Because of his Masonic interests, Caswell gave up his
practice and moved to San Francisco in1878. At the time of
his death, on November 13, 1900, Caswell appears to have
earned the greatest number of Masonic honors ever
awarded to a Mason in California.
William Morris Stewart, described by Effie Mona Mack
in her History of Nevada as a “lawyer by profession and an
empire builder by force of circumstance,’ was born in
Galen, New York, on August 9, 1825. With a quality prep-school education, Stewart entered Yale University but left a
year before graduation, having been seized with gold fever.

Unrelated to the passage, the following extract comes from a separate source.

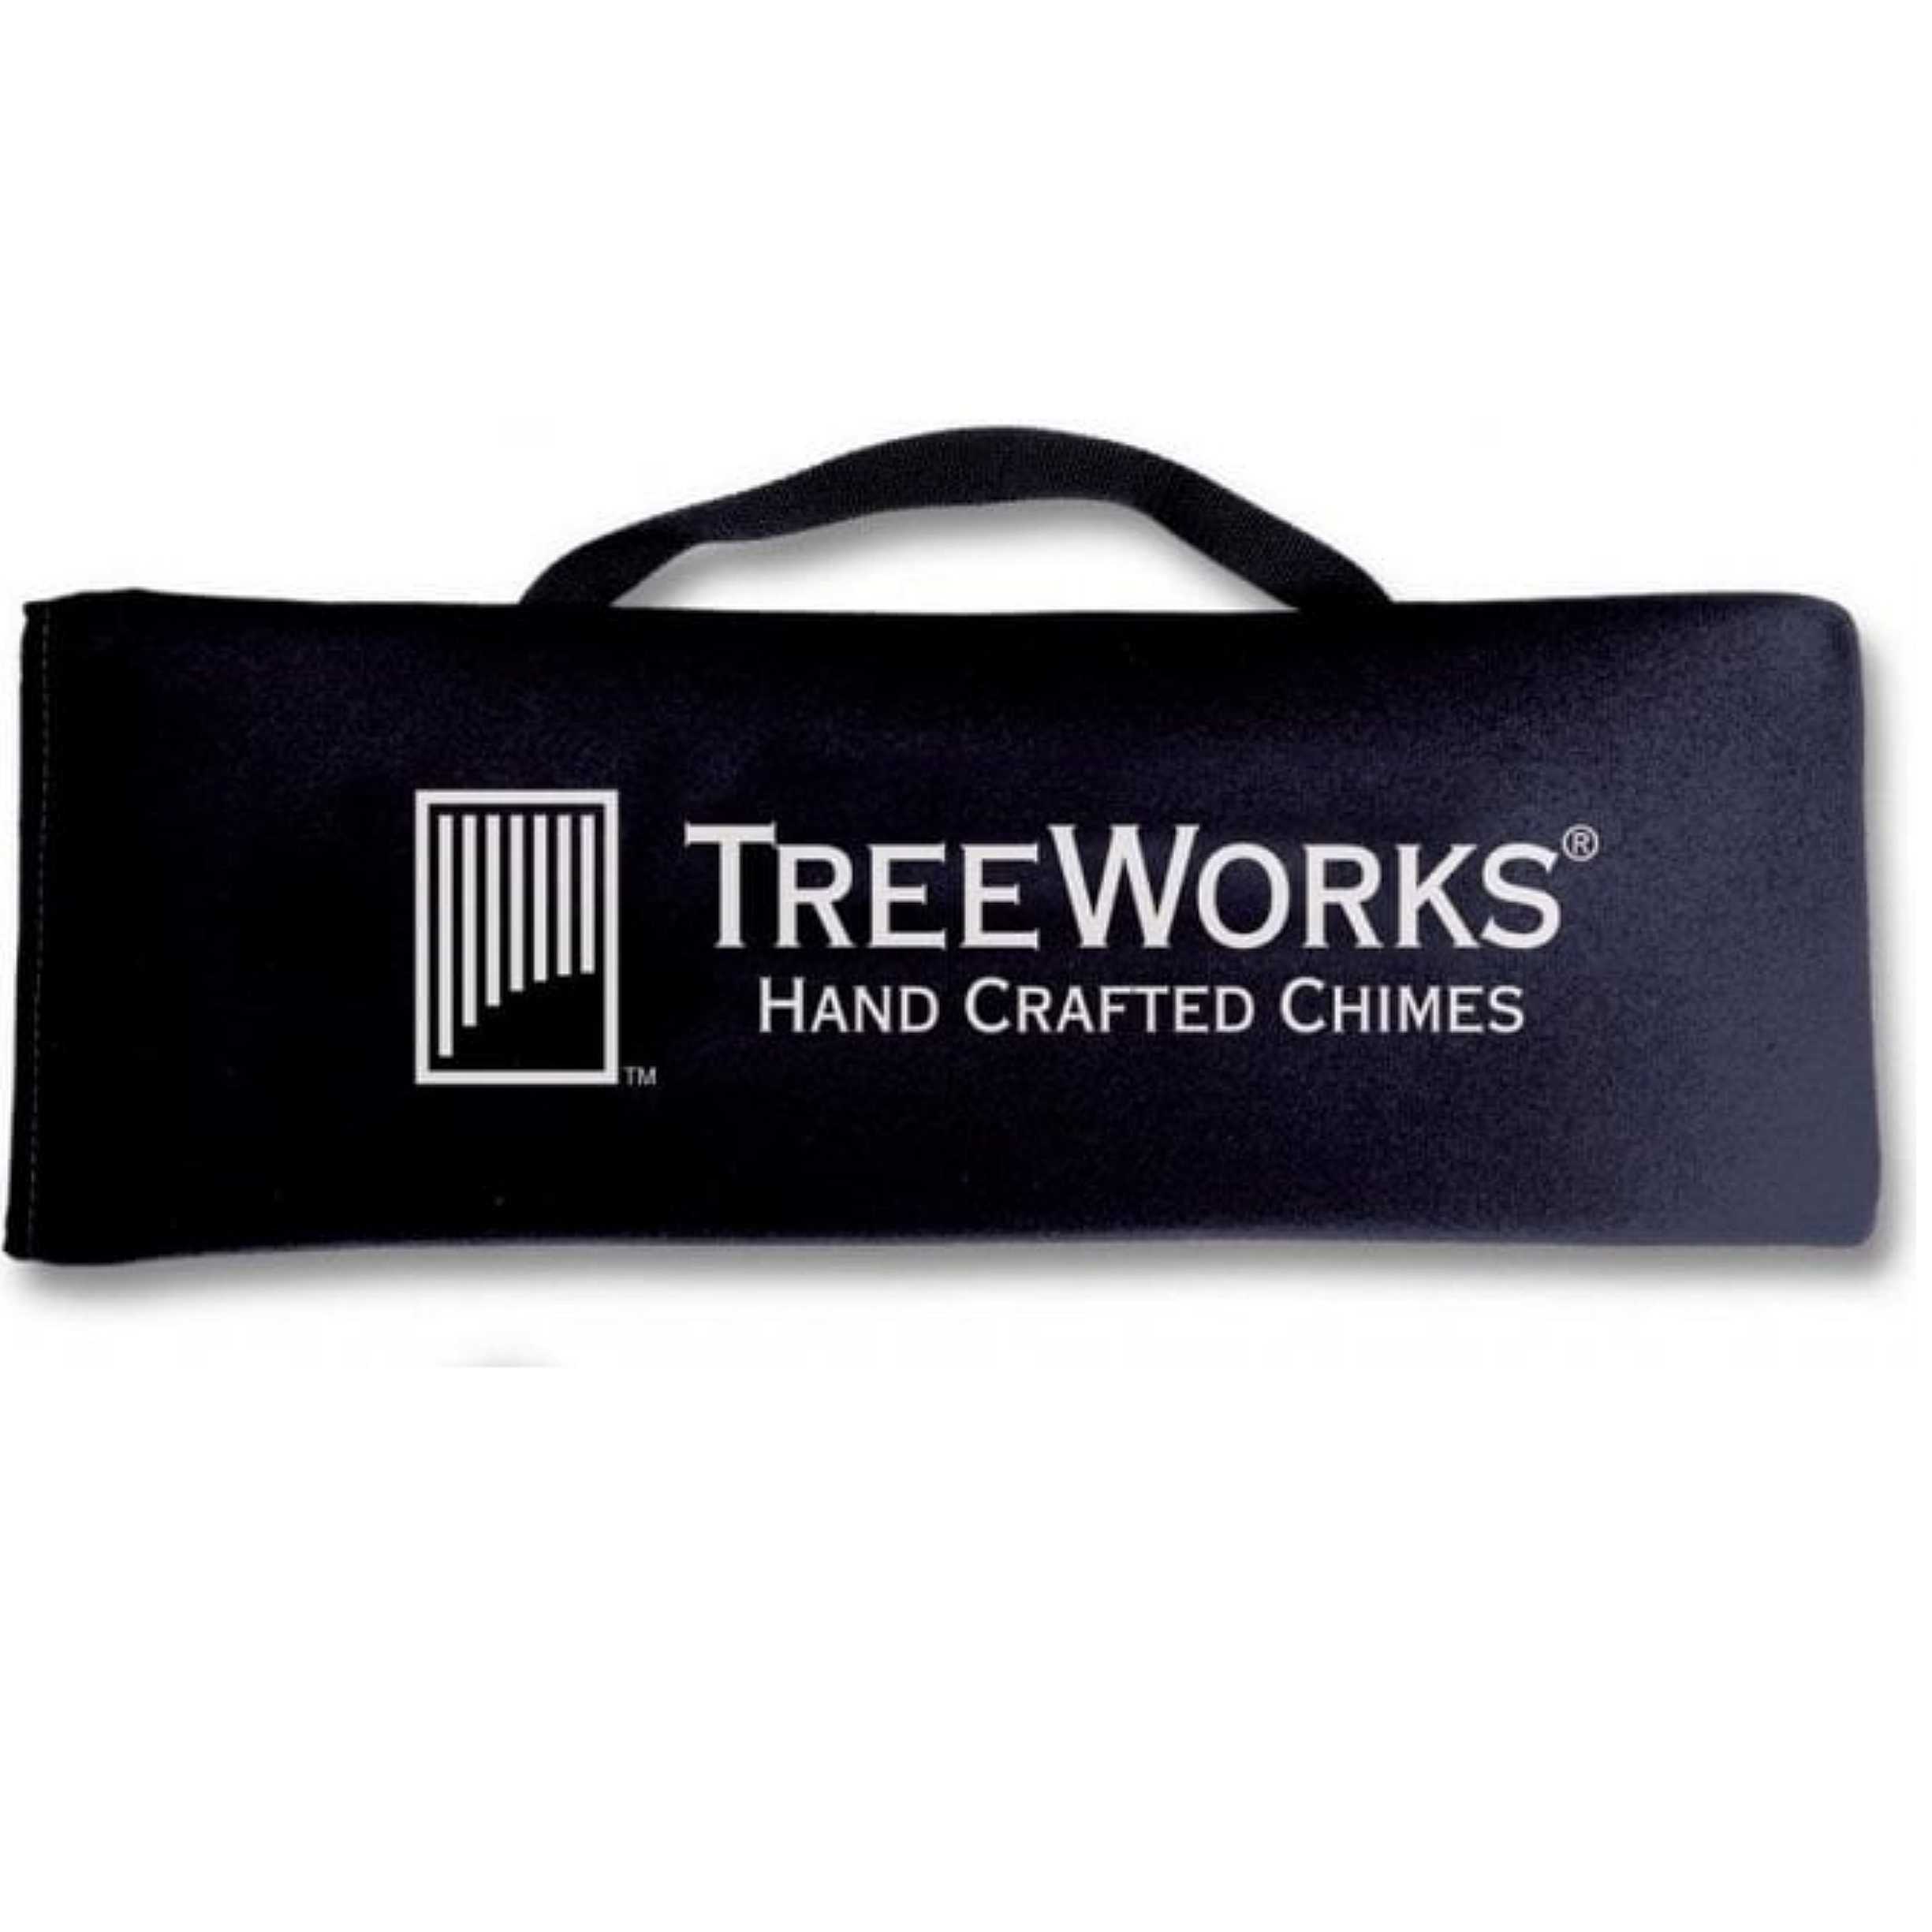 TreeWorks Chime Case (for TRE44 or TRE23)

Not particularly successful at mining, Stewart turned to
gambling with even less success. After a short stint at mining again, Stewart joined the law office of John R. McConnell and was soon admitted to practice. Within months,
Stewart was appointed District Attorney of Nevada County
to complete the term of McConnell, who resigned after
being elected state Attorney General in 1853.
In 1854 Governor Bigler appointed Stewart to fill in for
McConnell while McConnell was temporarily out of state.
Thereafter Stewart, thinking he could do better for himself,
moved to San Francisco and entered into a partnership with
Henry S. Foote, a former U.S. Senator and Governor of
Mississippi. Stewart dissolved the partnership in 1856 and
returned to Nevada and Sierra counties, devoting himself to
mining law.
Stewart moved to Virginia City, Utah Territory, in 1860
and began what would be a forty-year career as a mining
law authority. He was elected to the U.S. Senate five times
between 1864 and 1899, and was a confidant of Presidents
Lincoln and Grant.
While in Washington, D.C. Stewart was approached by a
Virginia City acquaintance who needed a job to support a
literary ambition; Stewart got the man a job as a Senate
clerk. The acquaintance was Mark Twain—the literary ambition Innocents Abroad.